As shown in FIG. 6, step S27 in FIG. 5 may include step S271: obtaining battery inspection data of the target battery; step S273: performing Kalman filtering and Z-score calculation on the battery inspection data to generate processed data; step S275: determining whether an abnormal value exists in the processed data for a duration exceeding preset time; and step S277, outputting a warning notification. In step S271, the computing device 12 obtains the battery inspection data of the target battery from the inspection device 11. In step S273, the computing device 12 performs Kalman filtering and Z-score calculation on the battery inspection data to generate processed data. In step S275, the computing device 12 determines whether the duration of the abnormal value presenting in the processed data exceeds the preset time. In step S277, the computing device 12 outputs the warning notification. For example, the computing device 12 may remove noise through Kalman filtering.

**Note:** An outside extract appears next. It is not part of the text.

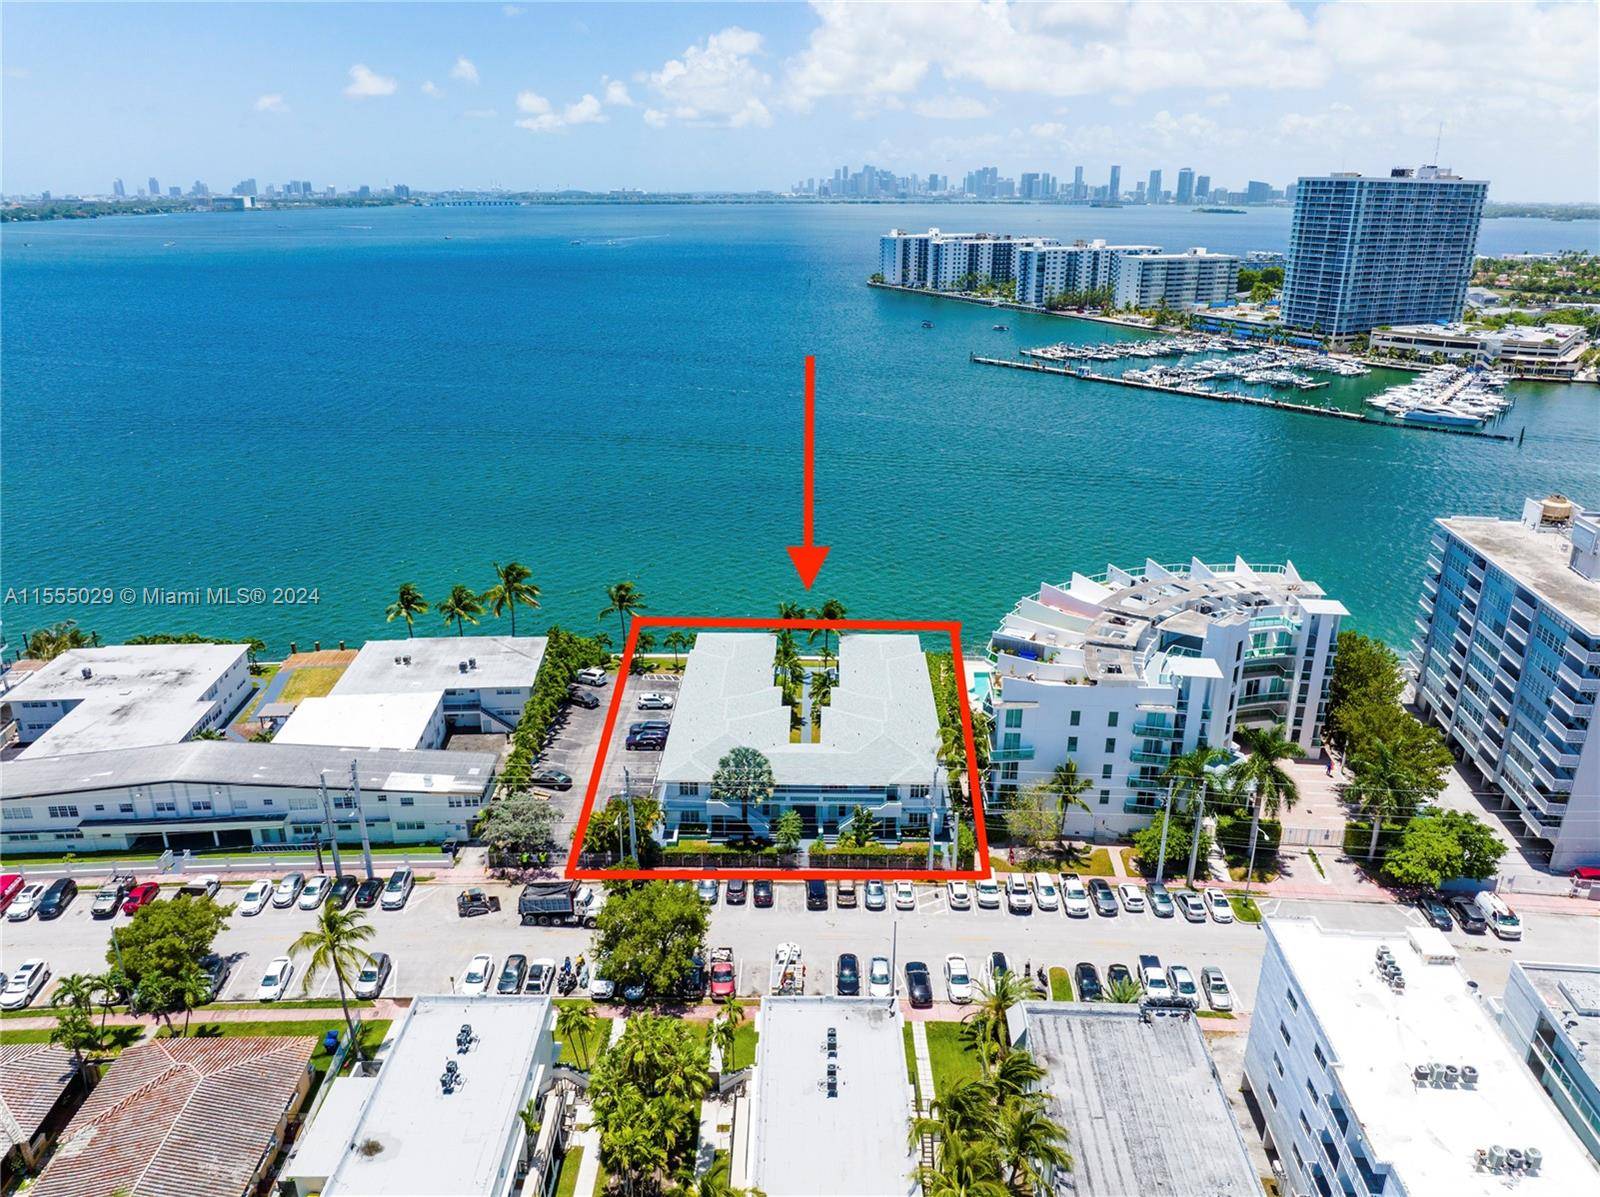 Experience stunning panoramic views of South Beach and Downtown Miami from beautiful architectural platforms suspended above the water.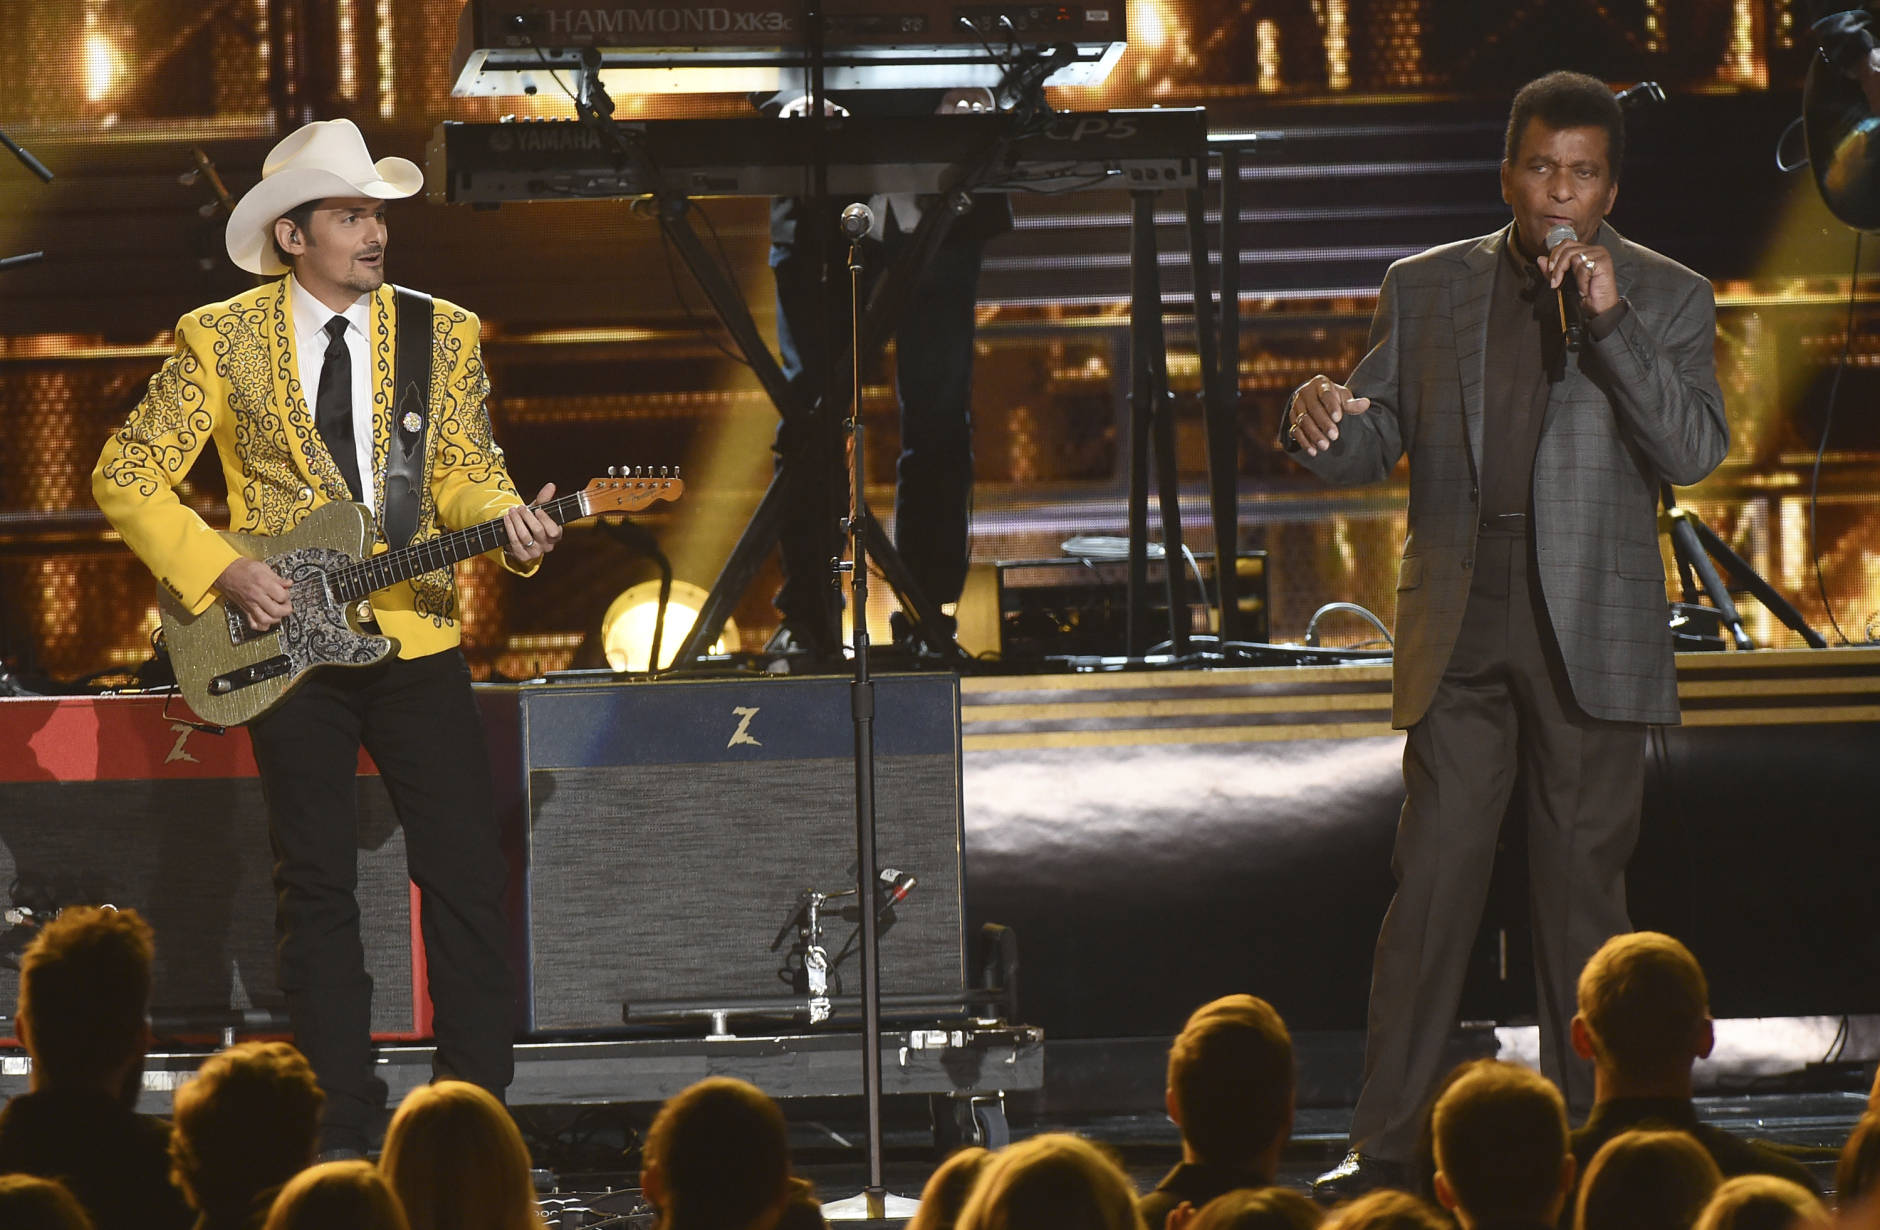 Brad Paisley, left, and Charley Pride perform "Kiss An Angel Good Morning" at the 50th annual CMA Awards at the Bridgestone Arena on Wednesday, Nov. 2, 2016, in Nashville, Tenn. (Photo by Charles Sykes/Invision/AP)

When Z-score detected is more than five times of the standard deviation, an abnormal value is considered to exist. The content of the abnormal value may include a parameter such as voltage, temperature, SOC, SOH, and internal resistance, etc., and the duration of the abnormal value existing lasts for a period of about 5-20 seconds or more. The warning notification may be an alarm voltage data abnormality, temperature data abnormality, etc., and may hand over to the computing device 12 for processing according to the degree of harm of the abnormality. The most serious said processing performed by the computing device 12 is immediate shutdown. Specifically, the abnormal value is categorized based on different data objects and classified using different multipliers, and the majority is a value exceeding more than five times.

In view of the above description, the discharge management method and system of present disclosure may calculate power allocation for a plurality of standby batteries based on the status of a battery, and provide adjustment of discharge power to enhance overall system performance. Additionally, by monitoring the voltage drop rate of the standby batteries using the power monitoring device, the discharge management method and system of present disclosure may prevent individual battery from over-discharging or under-discharging, ensuring the stability and safety of the overall system.